Quantitative single photon emission computed tomography (SPECT) of gamma emissions at 440 keV and 218 keV peaks allows image-based dosimetry to determine the absorbed dose. Although posttherapy imaging is challenging for alpha emitters, one study presented a case of mCRPC treated with [²²⁵Ac]Ac-PSMA-617. The posttherapy scans, utilizing 3 different energies 78, 218, and 440 keV showed successful targeted therapy, and distribution was visualized [123]. Imaging with 3 major photopeaks (78, 218, and 440 keV) enhanced image quality compared to the previously reported 440 and 218 keV photopeaks [124]. Recently, a quantitative SPECT imaging for [²²⁵Ac]Ac-PSMA-I&T therapy for mCRPC patients was demonstrated with image-based estimations of the absorbed dose [125]. These prior and ongoing studies indicate promise for direct imaging of the daughters of ²²⁵Ac.

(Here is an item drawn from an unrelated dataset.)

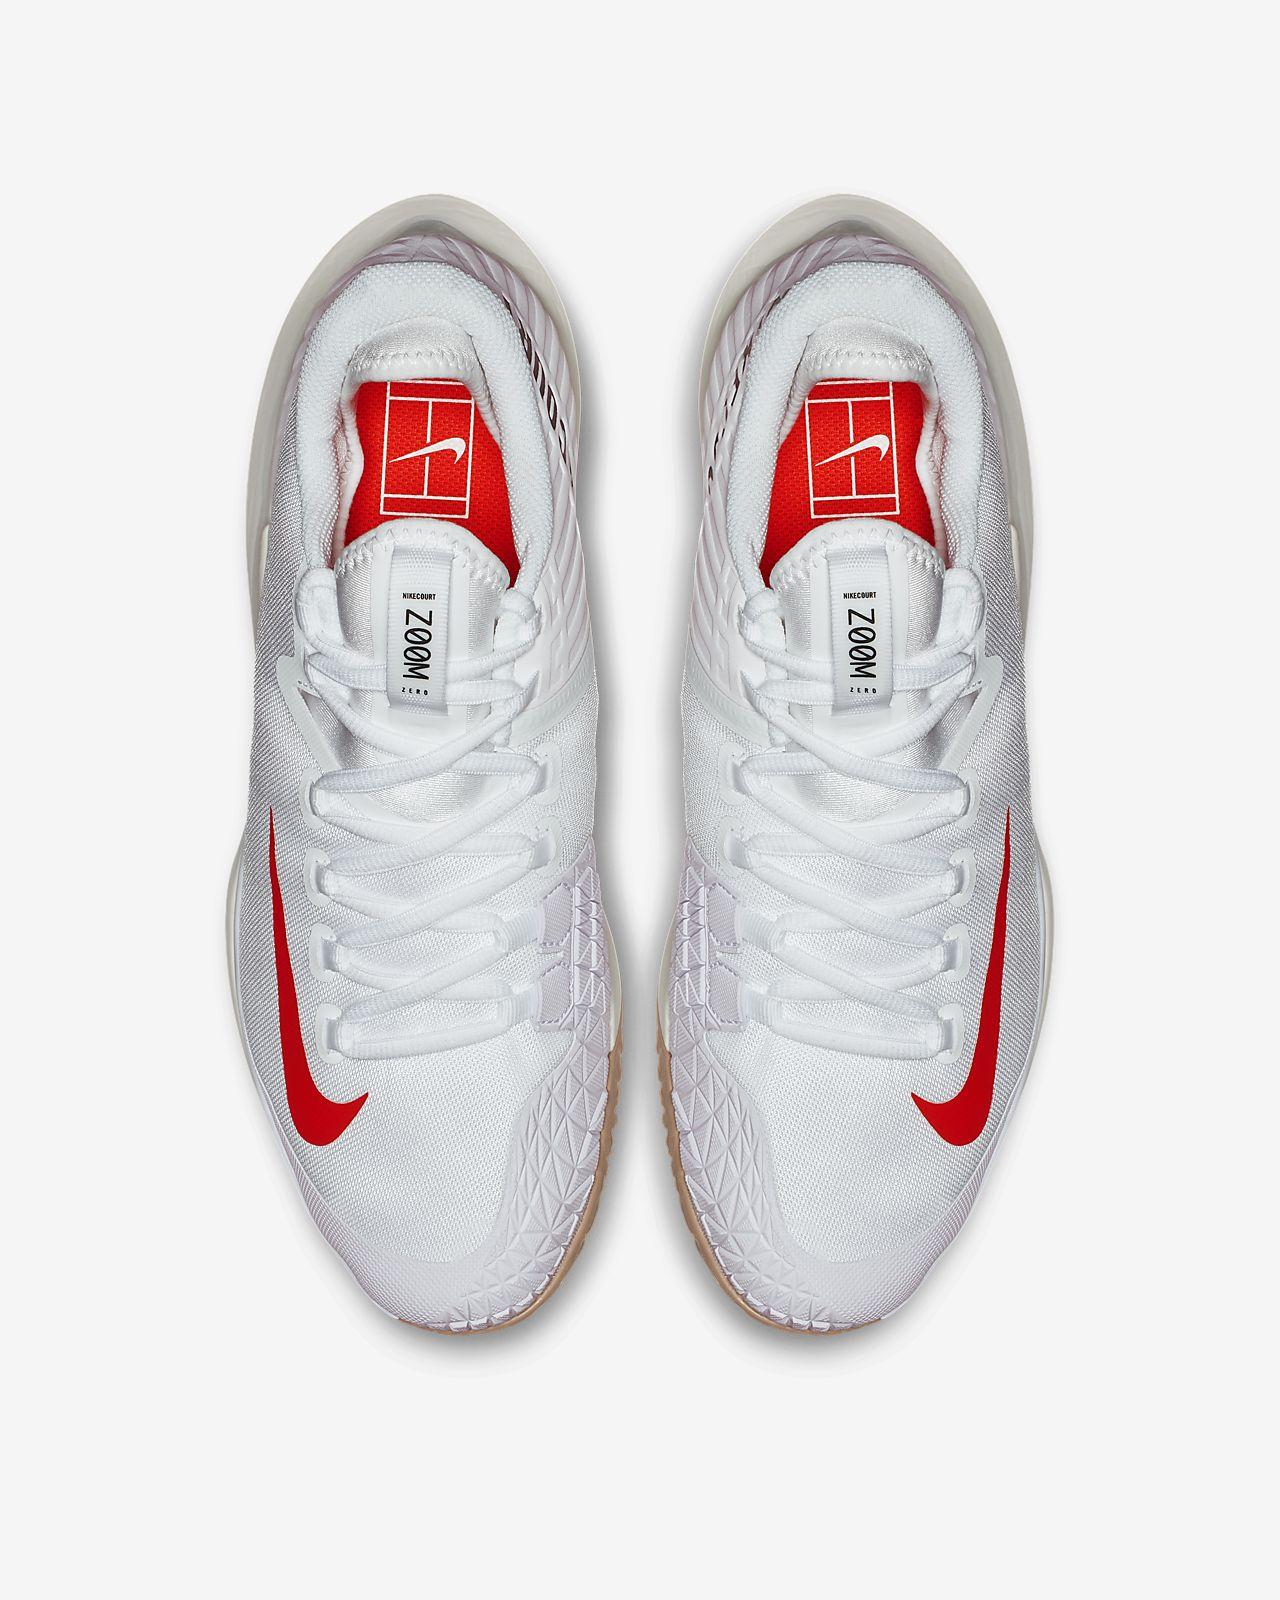 60d49f46cfdf NikeCourt Air Zoom Zero Men s Tennis Shoe. Nike.com GB

Other Alpha Particle Emitting Isotopes for TAT in PCa

Thorium-227

Targeted Thorium-227 conjugates (TTCs) represent another class of therapeutic radiopharmaceuticals meticulously designed for precision in TAT. The TTC process involves binding the alpha-emitting Thorium-227 (²²⁷Th) to a chelator, strategically linked to a monoclonal antibody (MAb) or small molecules engineered for tumor targeting [126]. ²²⁷Th, belonging to the actinide series (half-life of 18.7 days), follows a decay scheme featuring a cascade of alpha (five alpha particles) and beta emissions, culminating in the formation of the stable isotope ²⁰⁷Pb (Figure 9) [127]. The alpha particle emitted during the decay of ²²⁷Th possesses a mean energy of 5.9 MeV, contributing to a total energy of 34 MeV from all the five alpha particles in the decay series. Additionally, ²²⁷Th serves as the precursor to Radium-223 (Xofigo), an alpha-emitting radionuclide globally approved for clinical use in CRPC. In contrast to ²²³Ra, the precursor radionuclide ²²⁷Th demonstrates the ability to form stable chelator complexes, making it well-suited for targeted radioimmunotherapy. The extended half-life of ²²⁷Th not only streamlines practical handling and administration but also proves advantageous for achieving elevated radiation doses at the tumor site. This prolonged half-life contributes to enhanced efficiency in the production process and allows for optimized scheduling in therapeutic applications.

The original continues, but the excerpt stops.